Our primary objective in this study: to assess the risk for deep vein thrombosis in women with dyslipidemia who were exposed to combined hormonal contraception compared to nonexposed women. Our secondary objectives: to identify which type of hormonal contraception carries the most risk for deep vein thrombosis. Also, to determine the association between combined hormonal contraception and lipid profile.

Rationale

The recommendations and eligibility for using combined hormone contraception in patients with dyslipidemia have varied over time, with many conflicting statements in the literature [24,25]. There are a limited number of articles discussing the association between CHC use and DVT risk in dyslipidemic patients. Most are observational studies with low-quality evidence [26]. Moreover, no similar local studies in Saudi Arabia were found in our search, reflect ing a knowledge gap. This underlines the necessity for additional studies to demonstrate the true associations between combined hormonal contraception use and DVT risk among dyslipidemic patients with better-quality evidence.

Methods

Research Design and Setting

This matched case-control study was implemented in King Saud University Medical City (KSUMC) in King Khalid University Hospital (KKUH) in Riyadh, Saudi Arabia between May 2019 and November 2020.

Subjects and Sampling

Cases were identified from the KKUH vascular lab registry for deep vein thrombosis and were diagnosed through Doppler ultrasound. All women aged 18-79 years diagnosed with DVT in King Khalid University Hospital between 2017 and 2019 were screened for the presence of abnormal lipid profile. The National Cholesterol Education Program (NCEP) Guidelines for diagnosing dyslipidemia were followed in the inclusion criteria. Levels of total cholesterol ≥ 5.2 mmol/L, LDL ≥ 3.37 mmol/L, HDL <1.03 mmol/L, or triglycerides ≥ 1.7 mmol/L are defined as abnormal lipid profiles [29].

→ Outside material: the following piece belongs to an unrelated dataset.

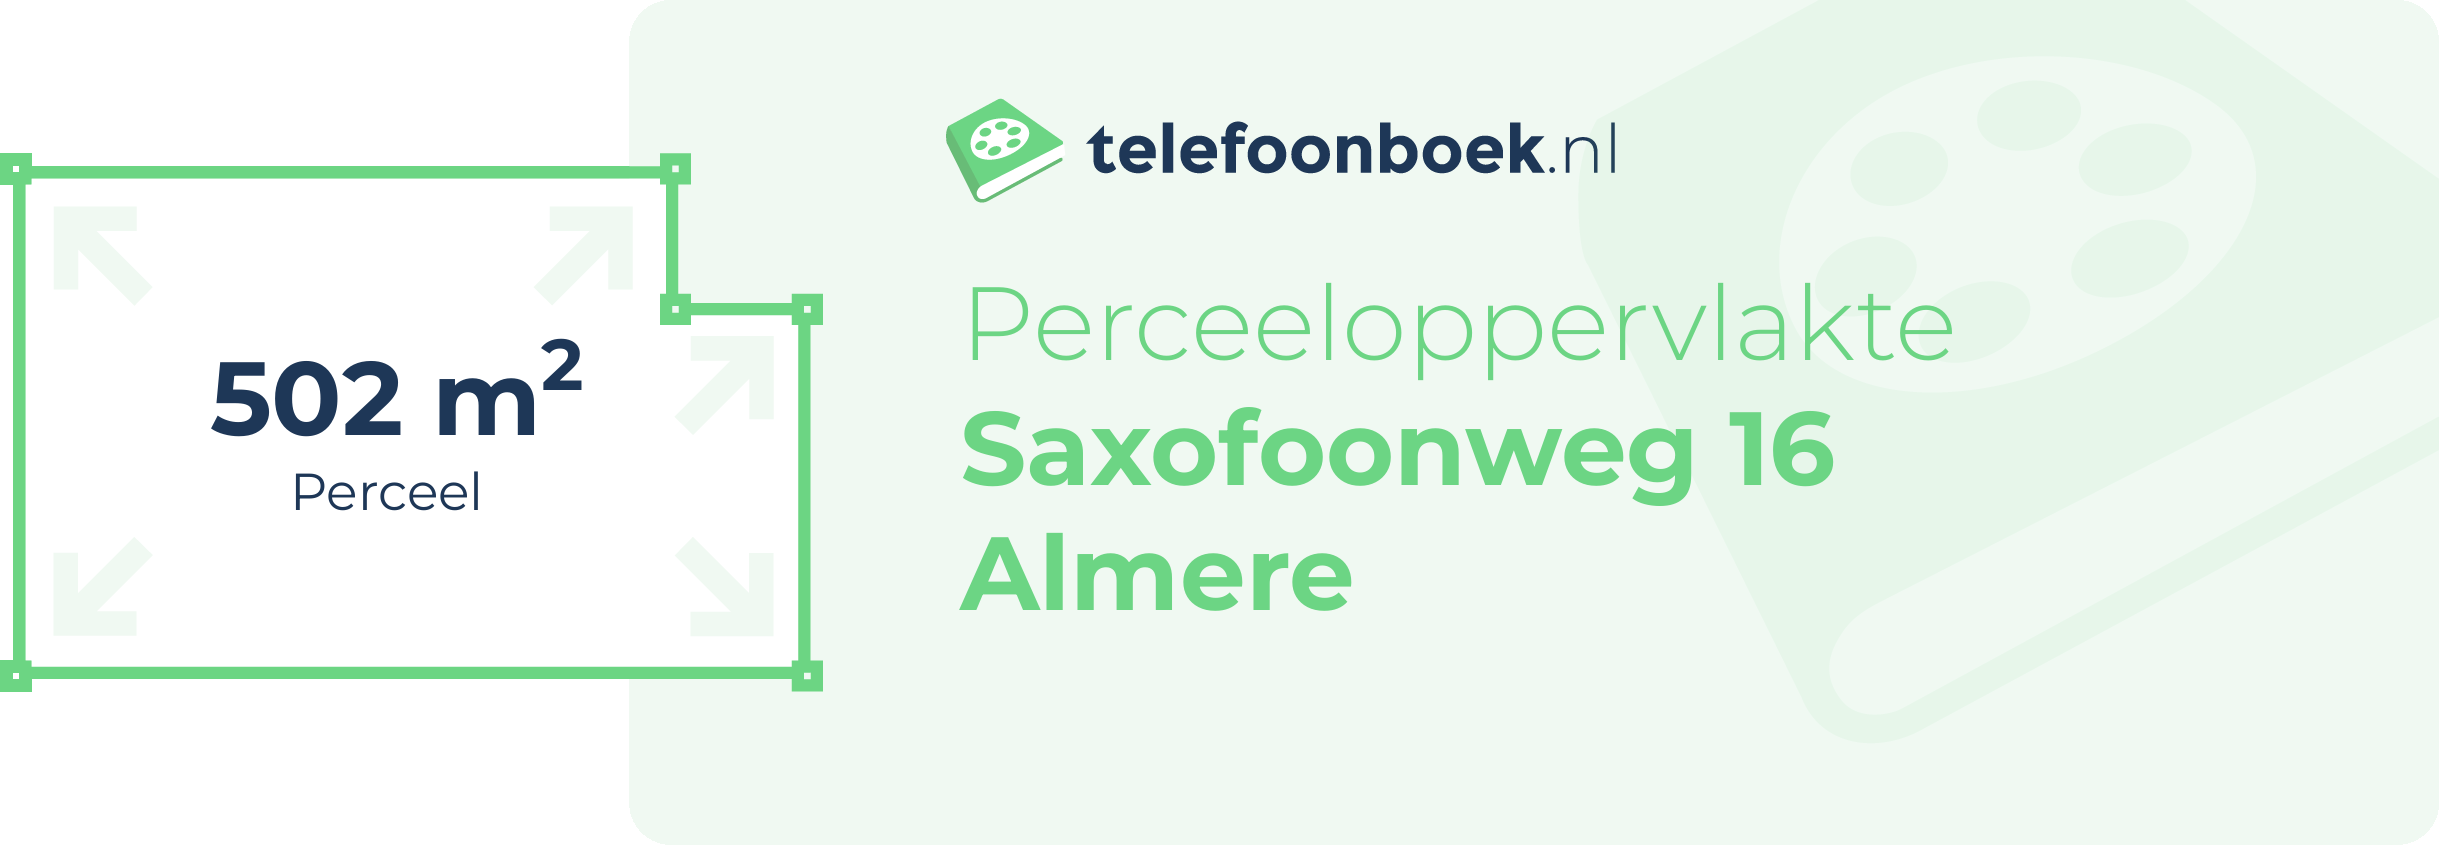 Perceeloppervlakte Saxofoonweg 16 Almere
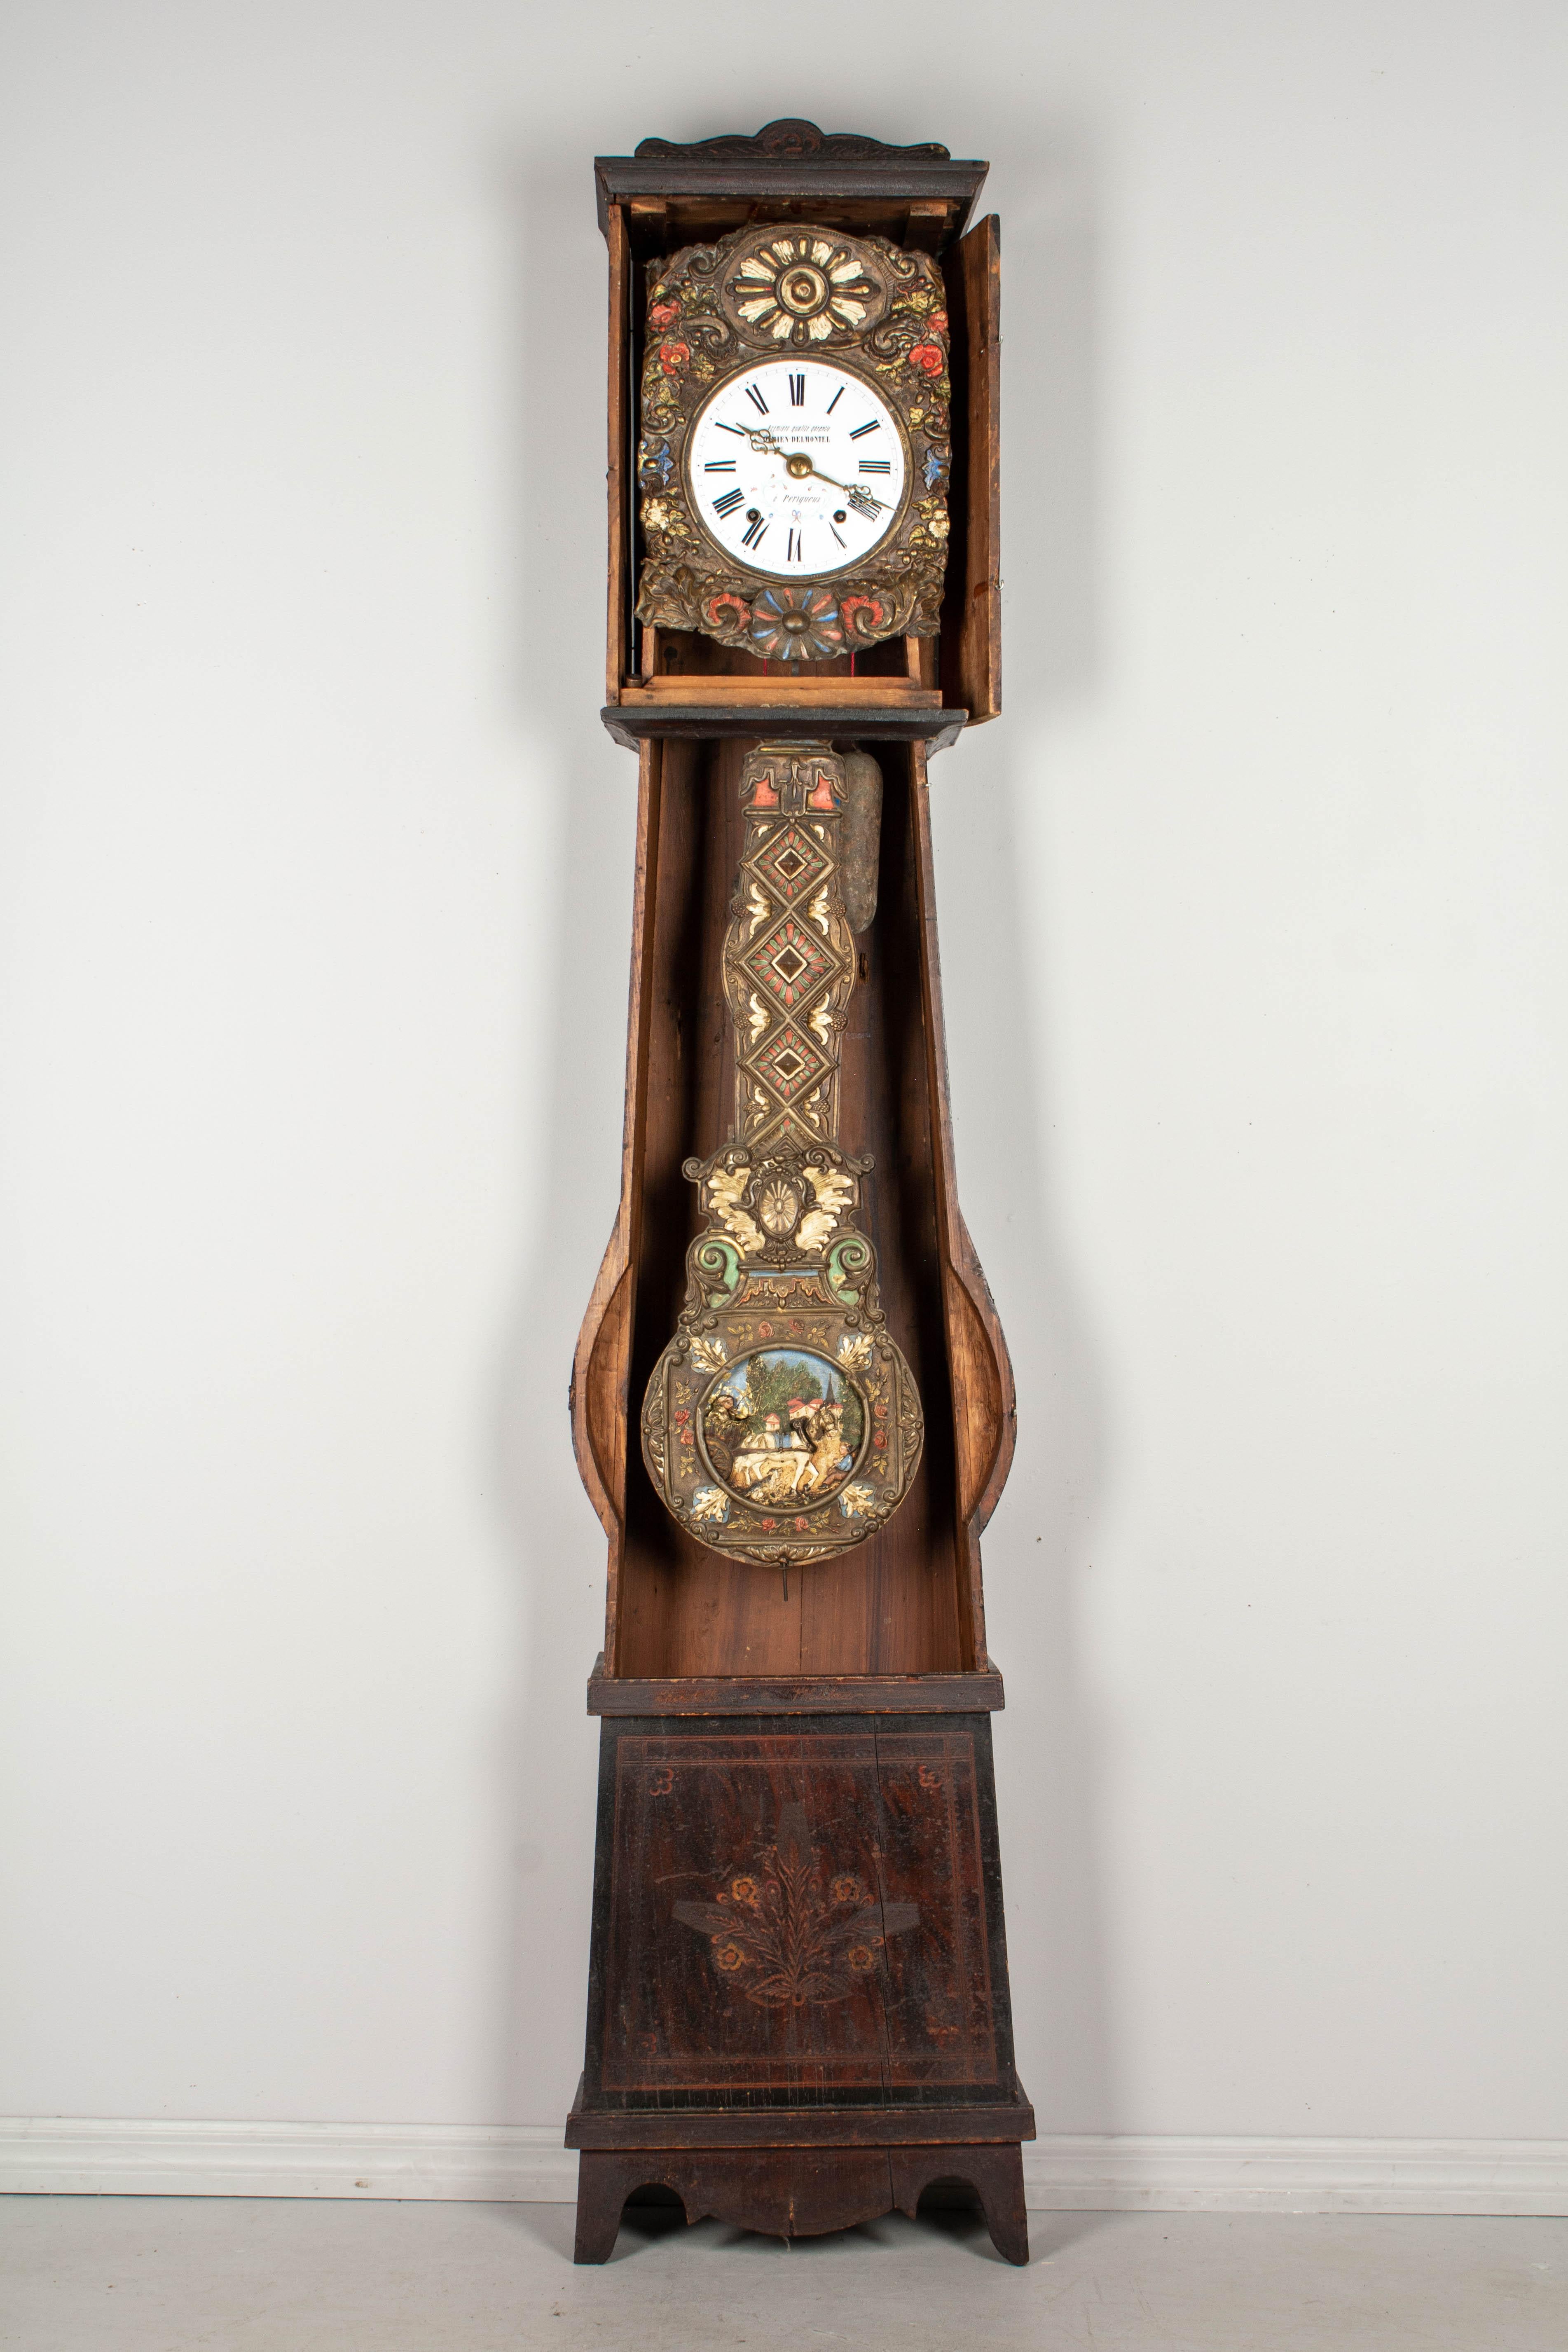 comtoise clock

A total of 319 patients were identified, and their files were reviewed in the electronic System for Integrated Health Information (eSIHI). The phone consultation was performed, verbal informed consent was obtained and confidentiality of the details of the participants was ensured. We found that out of the 319 identified patients, 41 patients died, 90 patients had missing lipid profile labs, and 4 refused to participate. Additionally, 104 were eliminated for having one or more of the exclusion criteria: anti-phospholipid syndrome, Factor V Leiden mutation, Protein S, C deficiency, antithrombin deficiency, active malignancy, undergoing chemotherapy, and taking tamoxifen. Therefore, the remaining participants entered into the study comprised 70 cases. Out of 319 DVT cases, we recruited 70 cases with both DVT and dyslipidemia. Cases were matched for the age group with 210 controls with dyslipidemia from the family medicine outpatient clinic. A case-control ratio of 1:3 was used; henceforth, 210 control subjects were selected through simple random sampling from the family medicine outpatient clinic. Matching was performed for age: each case was matched to control in the same five-year age group.

Research Instrument

A validated data collection form was developed by the study authors through a literature review and was reviewed by 2 senior consultants. Data collection was performed by the study authors with the help of medical students using an online data collection form, which was completed using KKUH electronic medical records (eSIHI) and phone interviews. The data collection form has 6 sections: demographic information, past medical history, dyslipidemia history, contraception history, DVT history, and recent lipid profile measurement. We asked about demographic information (age, nationality, marital status, educational level, and profession). Past medical history included hypertension, diabetes, hypothyroidism, asthma, ischemic heart disease, stroke, chronic kidney disease, pulmonary embolism, smoking, weight, and height. For dyslipidemia, we assessed the duration of dyslipidemia, statin use, and recent lipid profile measurement, including total cholesterol, HDL, LDL, and triglycerides from the electronic medical record. For contraception, we asked about the history of use, current user or not, type (name and methods), and duration of use. For cases, we asked about DVT history, including event date, provoking factory, use of contraception before the event, and the type of contraception used before the event. A pilot study was performed on 20 members to evaluate the form’s practicability and validity.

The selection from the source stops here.